Logic as a research mindset

At LUCI Lab, logic is not treated only as the study of formal proof. It is a general way of asking what should follow from knowledge while that knowledge is still being constructed. This is especially important in data-intensive and AI-driven science, where methods, evidence, and interpretation evolve together.

Uncertainty

Scientific and social inquiry increasingly rely on statistical, probabilistic, and machine-learning methods. These settings require logical tools that can reason from uncertain premises rather than only from fully settled facts. LUCI therefore works on qualitative and quantitative representations of uncertainty, connecting logic with probability, evidence, and explanation.

Computation

Modern logic grew in direct continuity with computation. LUCI builds on that tradition by using proof-theoretic and computational-logic tools to address problems with clear societal impact, including the analysis of machine learning systems and formal models of rational agency.

Information

Reasoning is also information processing. A central LUCI concern is the relation between the information available to an agent and the inferences that agent can reasonably be expected to perform. This perspective links the foundations of logic with realistic human and artificial reasoning.

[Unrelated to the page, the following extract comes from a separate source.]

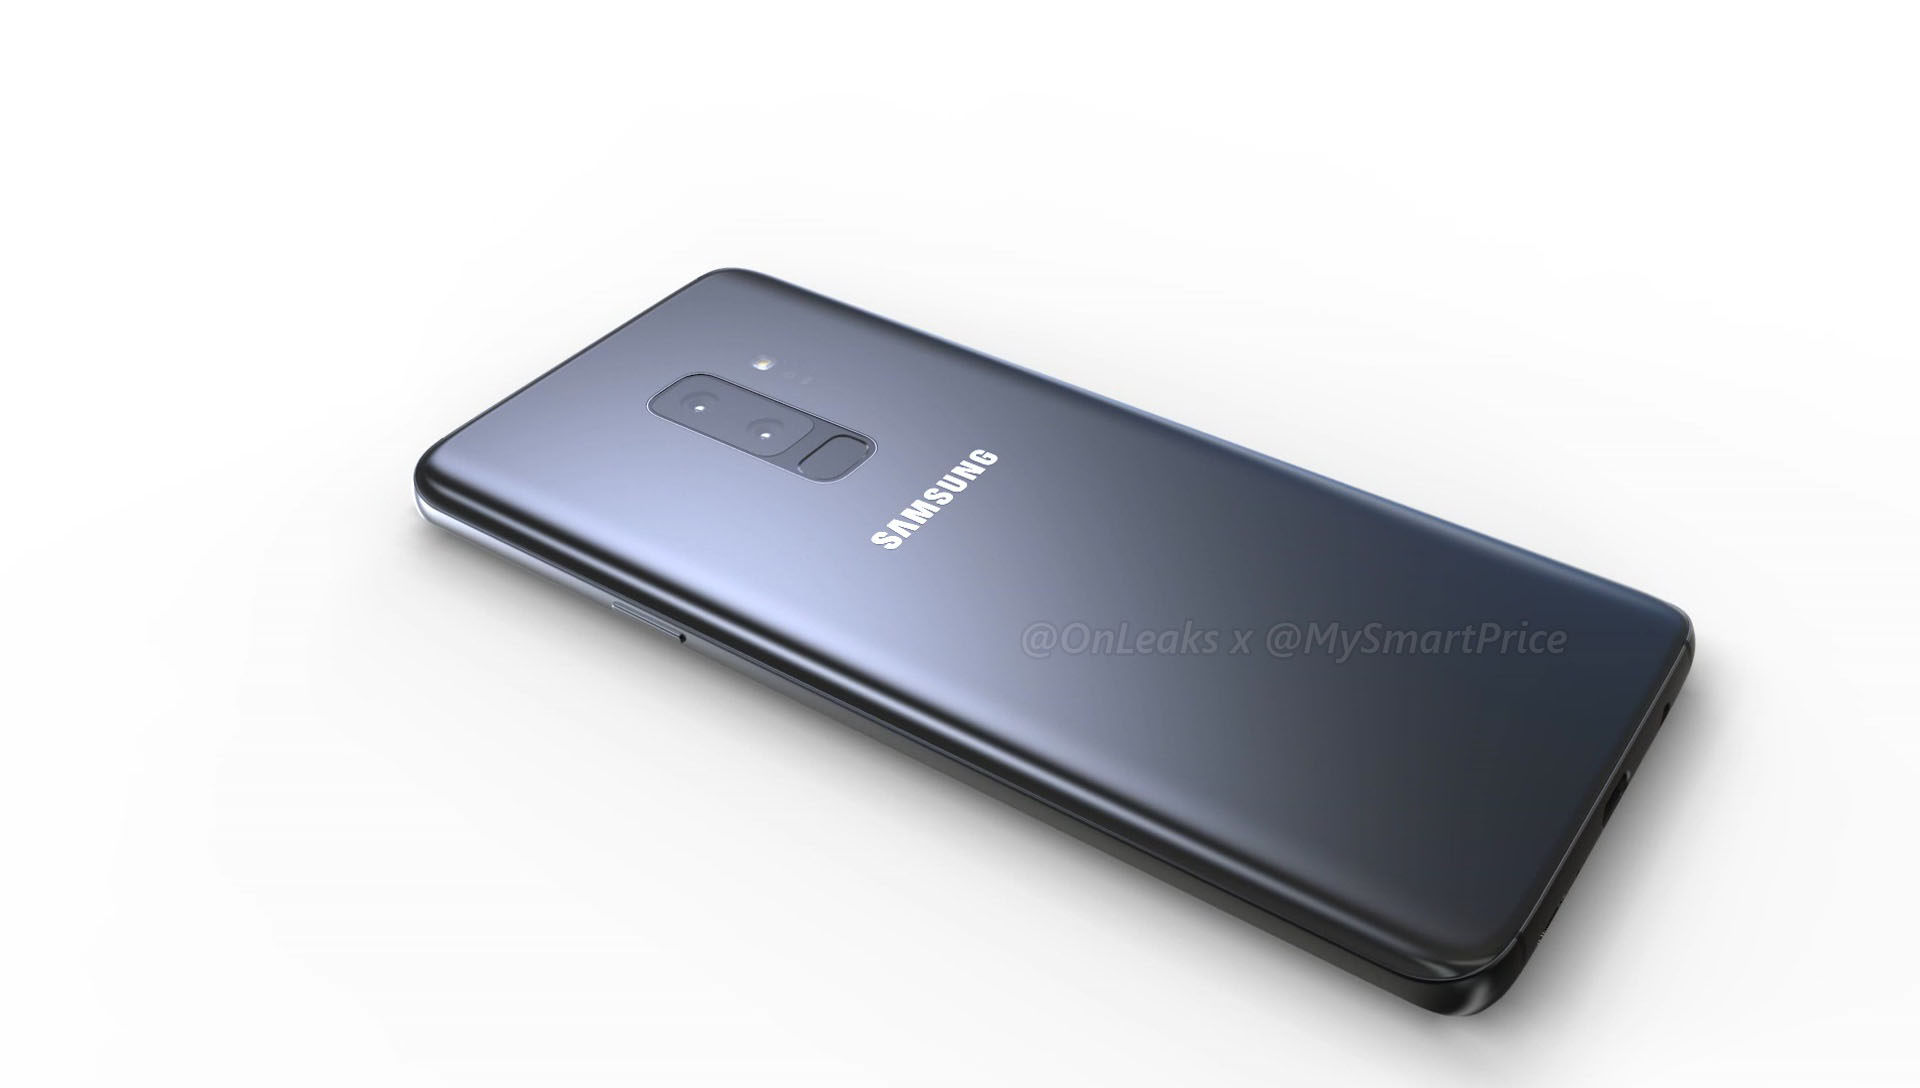 That did not took long - new renders of Samsung Galaxy S9 Plus
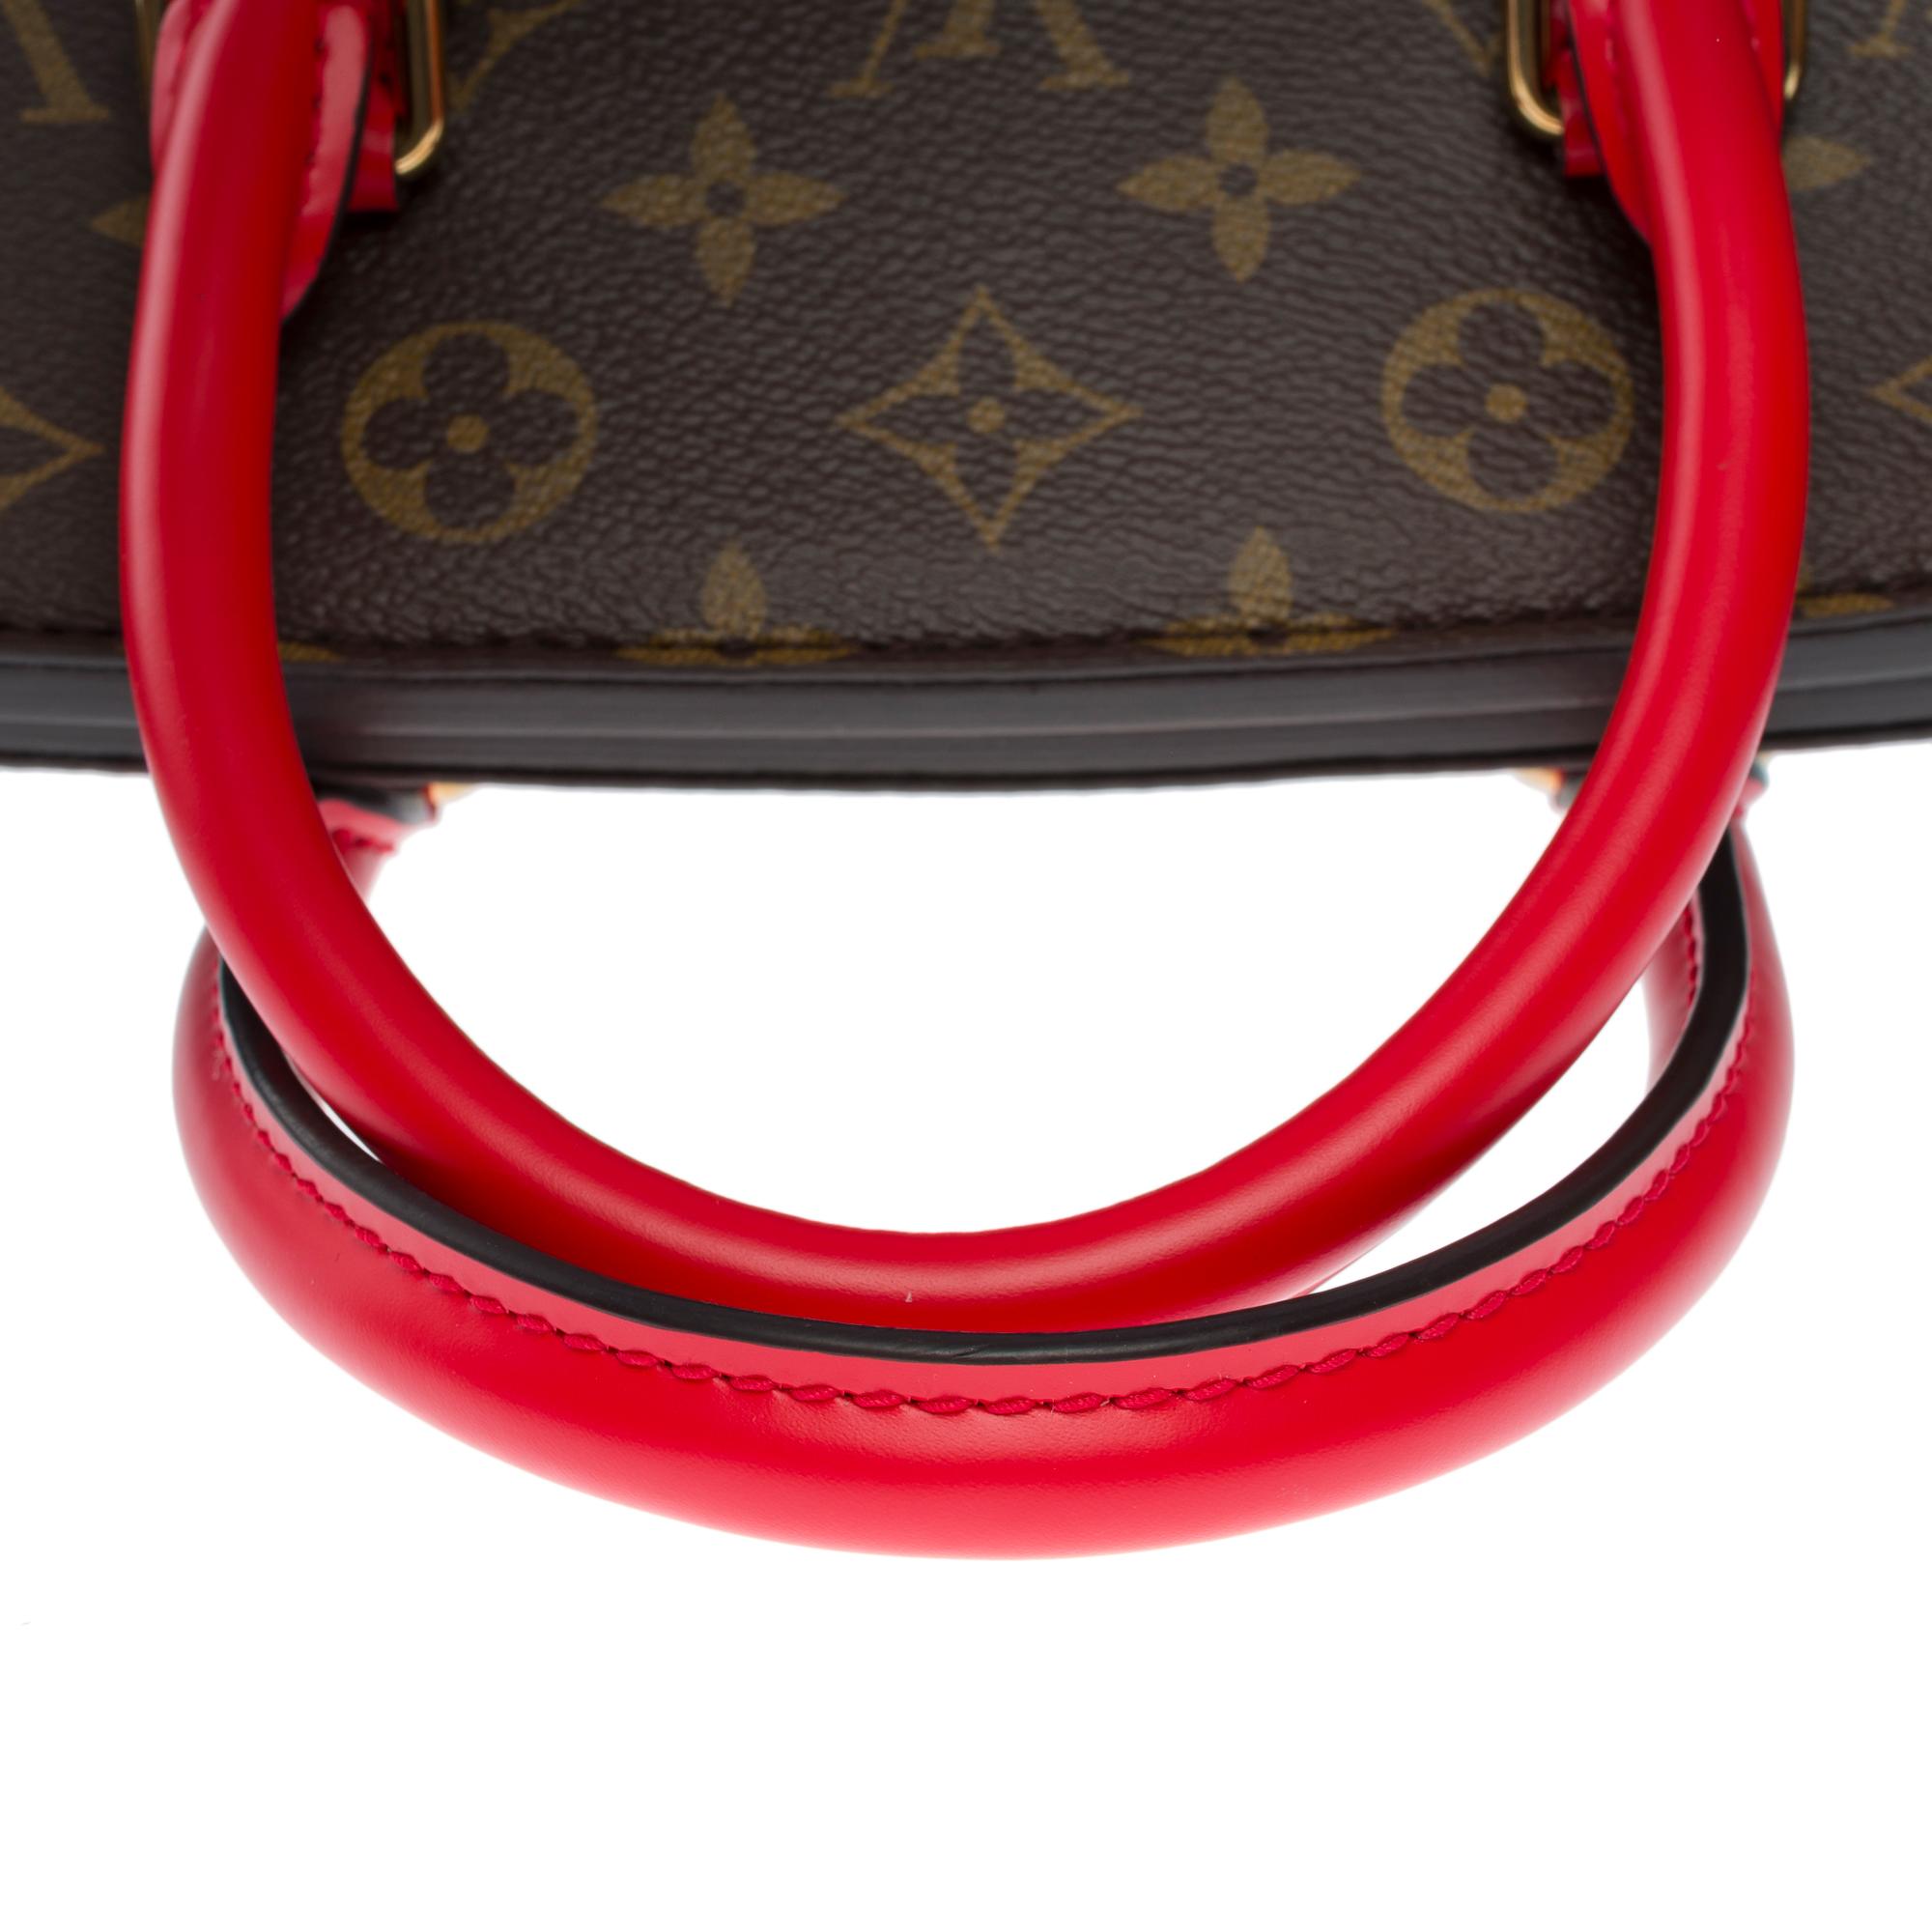 Sold Out Louis Vuitton Phenix handbag strap in brown canvas, GHW For Sale 5

Why these four themes belong together

This research area is unified by a single claim: contemporary logic should help us understand how evidence is generated, how information is represented, how computational systems act on it, and how uncertainty affects what can be validly inferred. That shared programme is what ties together the more specific LUCI themes presented below. cross these projects, we ask when data-driven outputs support justified inference, how realistic agents can reason under limits, how digital counterparts can be trusted, and how algorithmic systems can be made more fair and accountable.

Logic for scientific inference

Logical methods for uncertain, incomplete, or conflicting evidence in data-driven science, with a focus on support, rejection, and explanation.

Logic and bounded rationality

Approximating ideal logic so that valid inference can be studied under realistic limits of information, time, and computational effort.